Выбрать главу

Конан Дойл решается на необычный литературный прием — он размывает границы между фактом и выдумкой, помещает в рассказы завуалированную «версию» себя самого, заставляя Ватсона твердить, что его записки совершенно достоверны. Трюк этот — как и все лучшие трюки — имеет последствия, которых автор не предвидел. Тысячи людей многие годы надеются связаться с Холмсом и шлют письма по адресу Бейкер-стрит, 221Б (где специально назначенные служащие Национального банка Эбби, у которого там контора, читают их и пишут на них ответы). Такая уловка вызвала радостное недоумение по крайней мере у одного проницательного читателя: «Стоит заговорить о Холмсе, и нам неизменно кажется, будто он и впрямь существует, — признается Т. С. Элиот. — Наверное, это и есть величайшая загадка Шерлока Холмса». Шерлоковедение возникло именно потому, что поклонники великого детектива стали забавы ради утверждать, будто принимают вымысел за реальность.

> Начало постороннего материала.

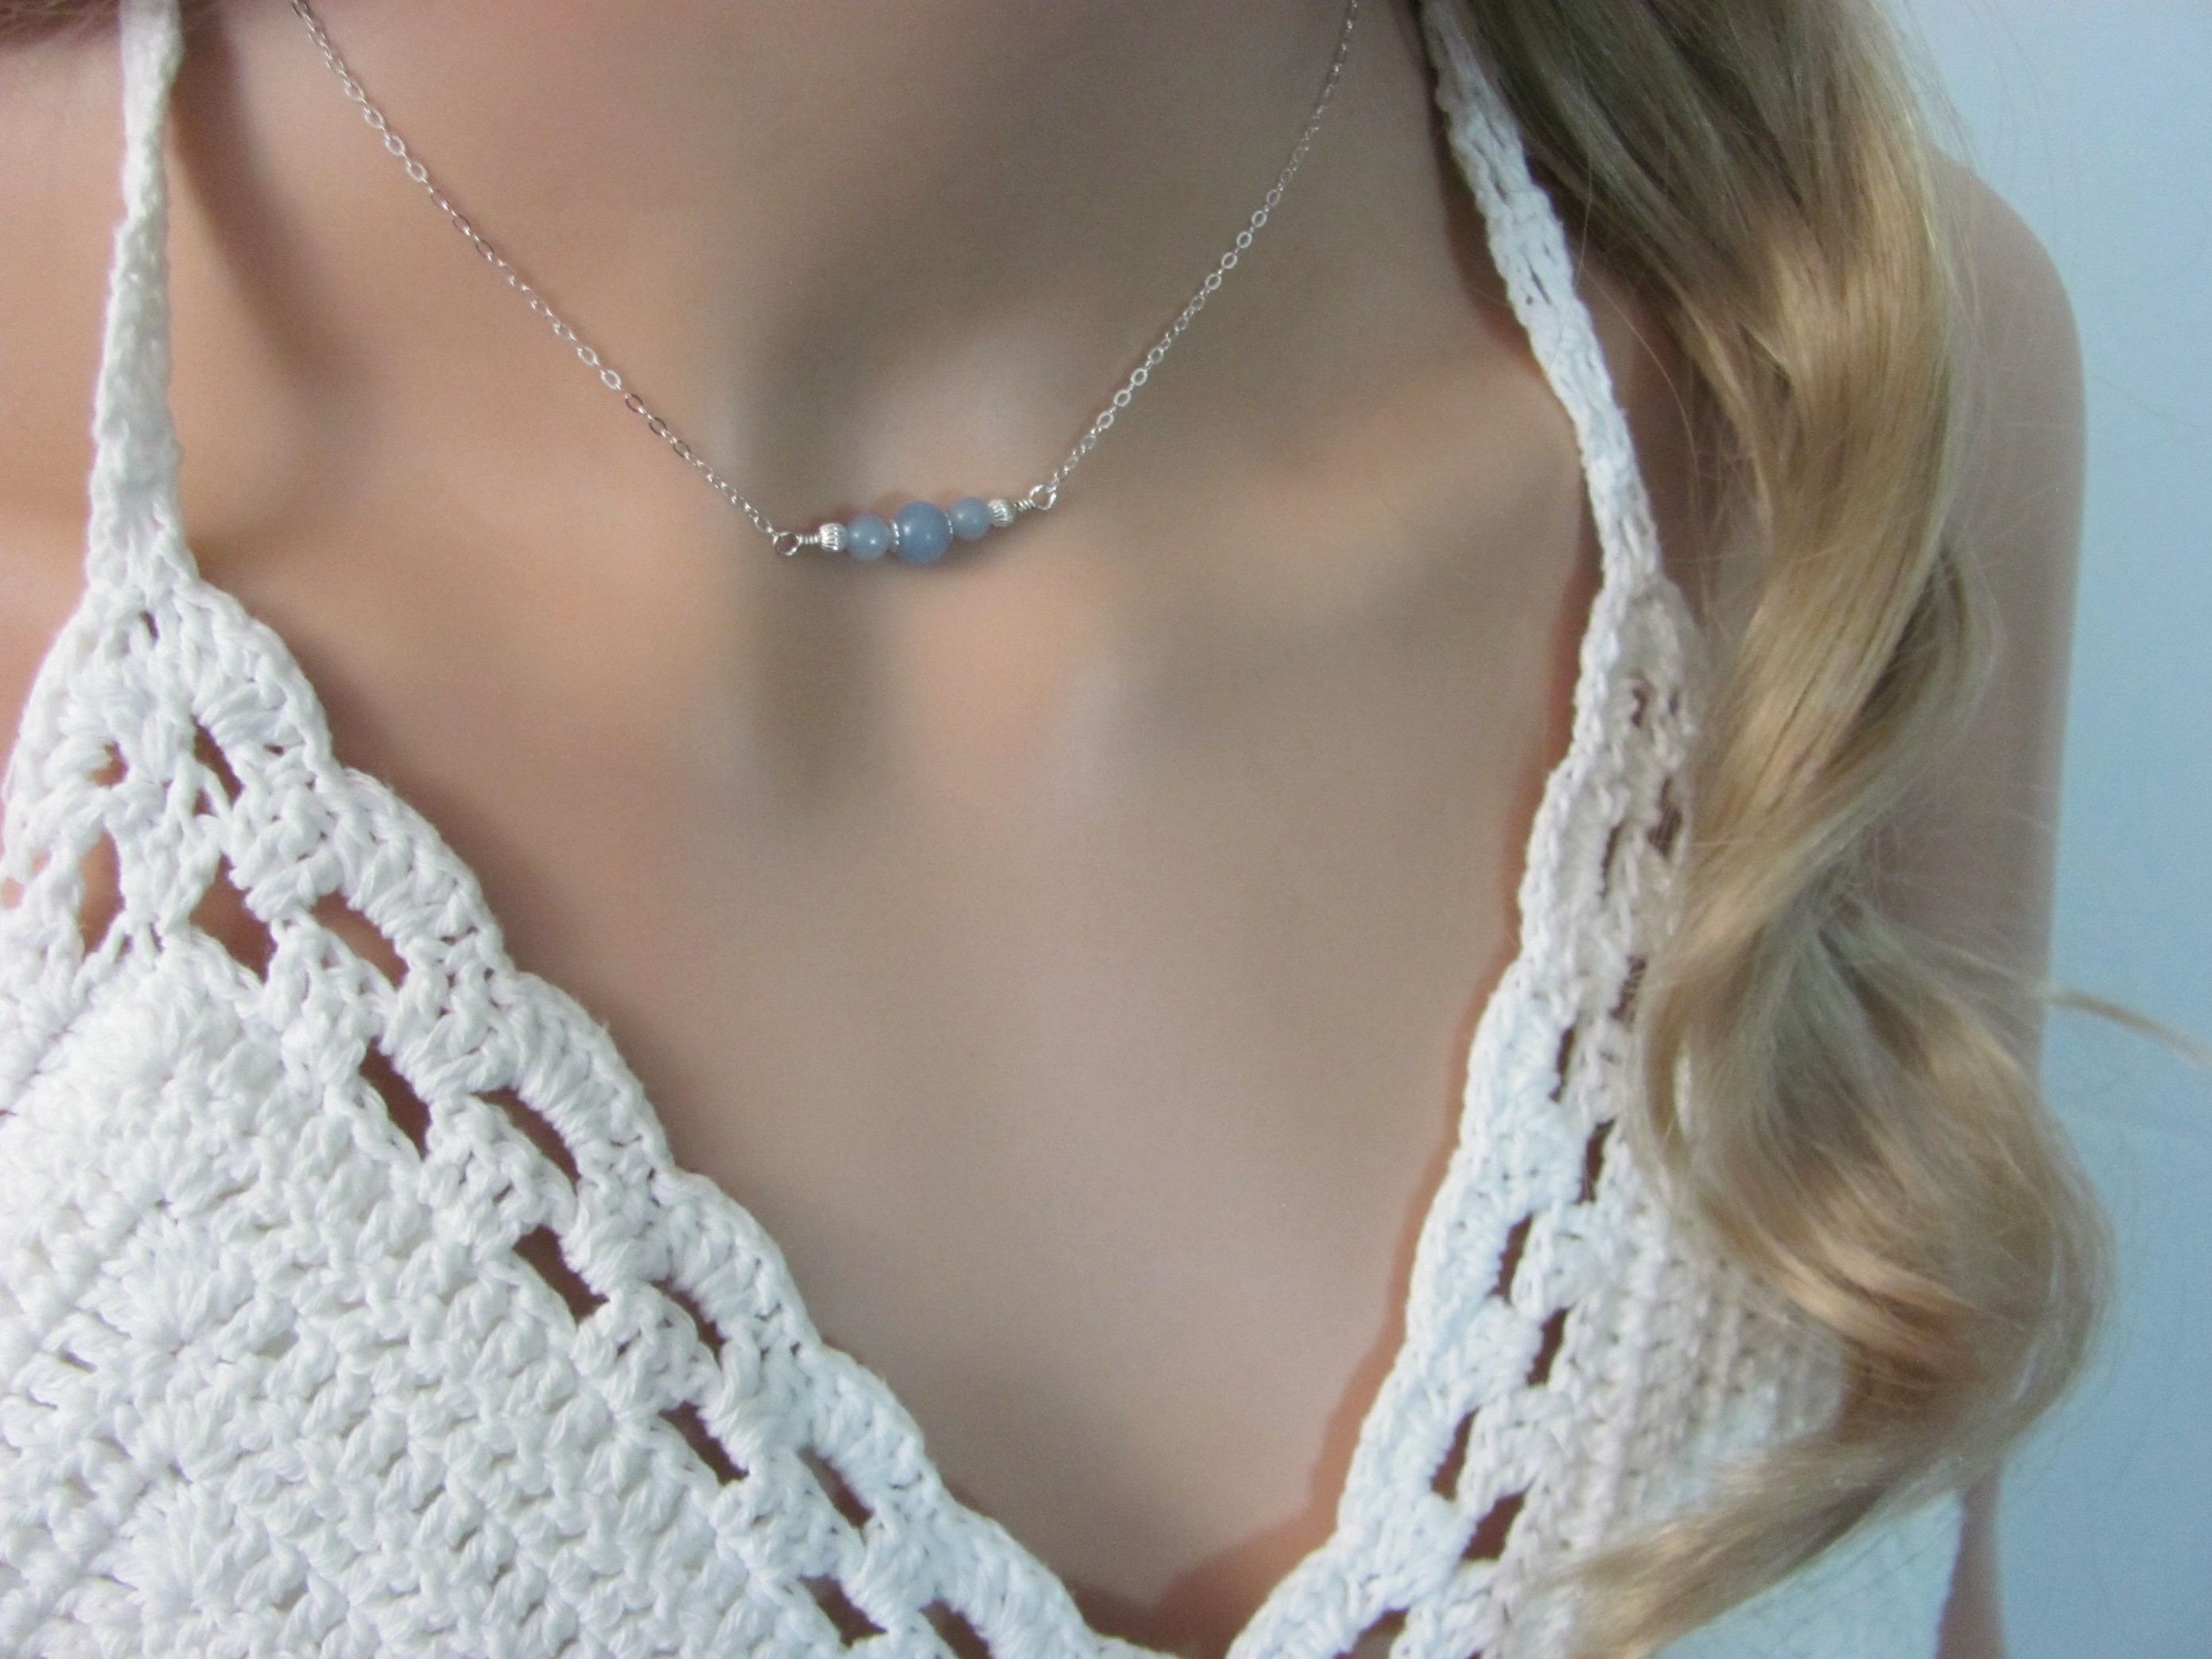 Angelite Necklace, Adjustable Gemstone Choker

Однако племя шерлокианцев — то занятное, то скучное (нередко и то и другое одновременно, впрочем, если честно, обычно не первое) — не появилось бы, если бы не торопливость и небрежение самого автора. Первые двадцать четыре рассказа о Холмсе появились за два с половиной года — точнее, за двадцать девять месяцев. Эти рассказы изобилуют противоречиями, пробелами и любопытными ошибками — как раз из-за спешки писателя. После первой партии последовал десятилетний перерыв, а в мире Холмса и Ватсона прошло два года (после «смерти» Холмса в объятиях Мориарти в Рейхенбахском водопаде). За это время Конан Дойл забыл многие детали из жизни Ватсона и Холмса (воскрешенного), что привело к новым противоречиям и ошибкам. Весьма щекотливый вопрос о жене Ватсона Мэри, которая оказывается то первой, то второй женой, а затем то ли умирает, то ли нет, — самый известный пример такой авторской торопливости.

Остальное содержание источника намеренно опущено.